What matters more from a practical perspective is the market reaction to earnings so far this quarter. Every single mega-cap tech company either reported earnings below estimates or guided lower. The market didn’t care. Even disaster earnings reports like Intel, Goldman, and Snapchat could not hold them down for too long. The market is sending a clear message. It’s as if it is saying that the reports were so bad that they can only get better from here. The sentiment is extremely bullish. Any bad news is considered temporary and a reflection of past events. Any good news is considered an argument that things are getting better.

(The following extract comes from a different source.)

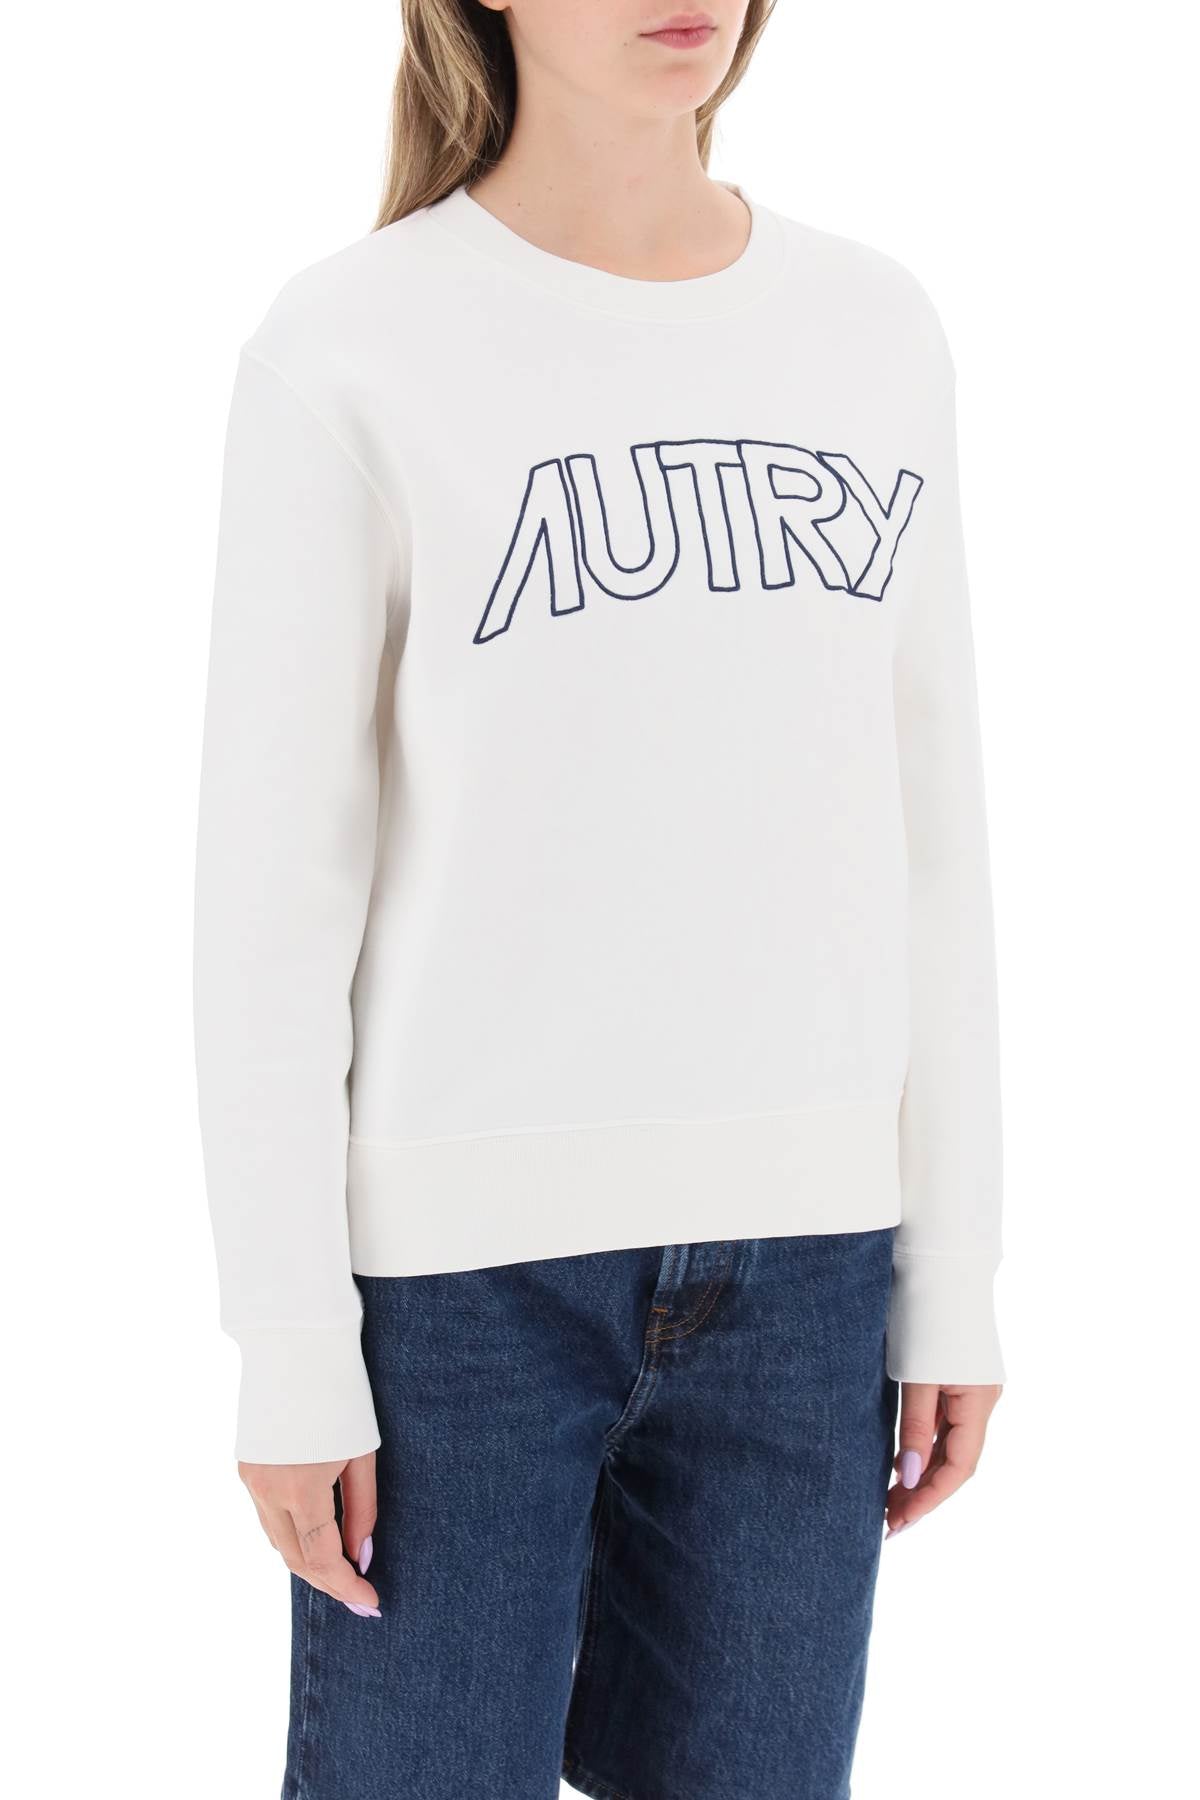 Autry embroidered logo sweatshirt-1
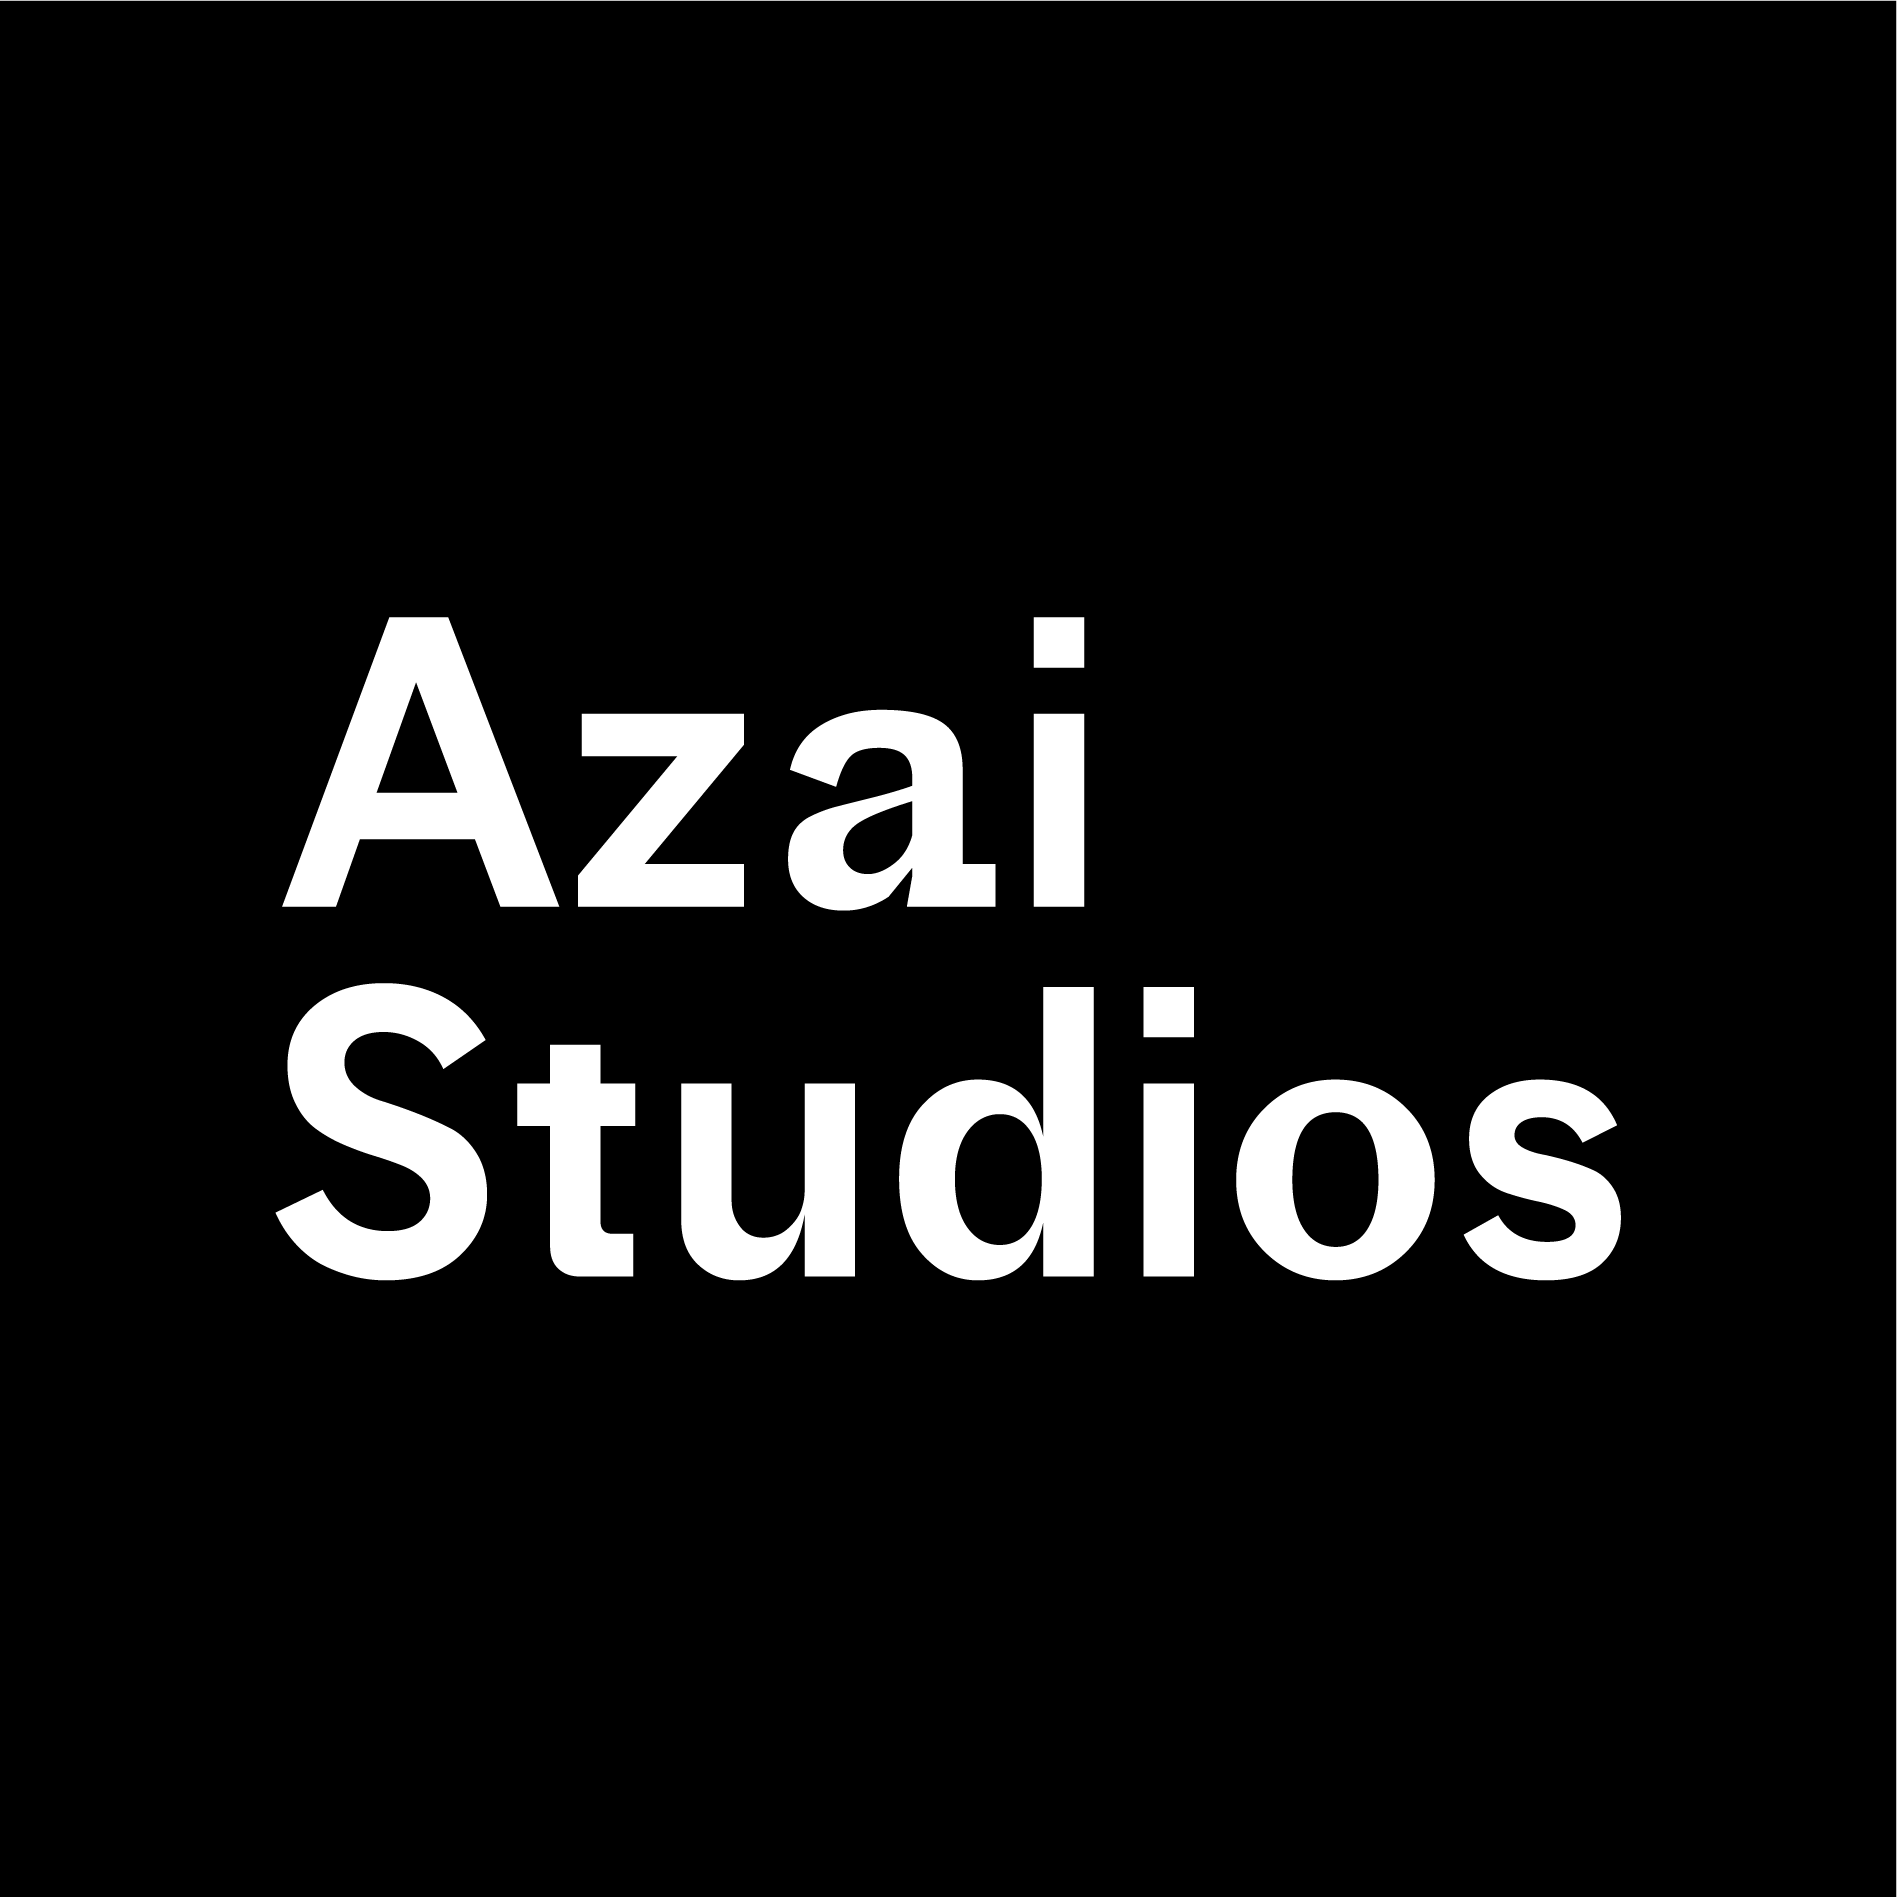 Azai Studios profile on Qualified.One

Keep in mind that morning shakeouts are normal in any market environment. During bear markets, we can often see a gap up and then a selloff with a weak close. During bull markets, we can see a gap down or quick dip at the open, and then a rally with a strong close. Every slight dip is getting bought in tech stocks lately. The number of accumulation days has been expanding quickly too. Up days are plentiful and on much higher volume. Down days have been rare and on low volume. This is a bullish market behavior. It’s anyone’s guess how long it is going to last. The indexes are certainly extended above their short-term moving averages (10 and 20dma). They can resolve that by either pulling back or going sideways – the so-called time consolidation. Everyone knows the saying “don’t find the Fed”. There’s an even more accurate expression about this tape – “don’t fight the market”. Obviously, that doesn’t mean blindly chasing extended setups where you have to risk $5 to make $2 potentially.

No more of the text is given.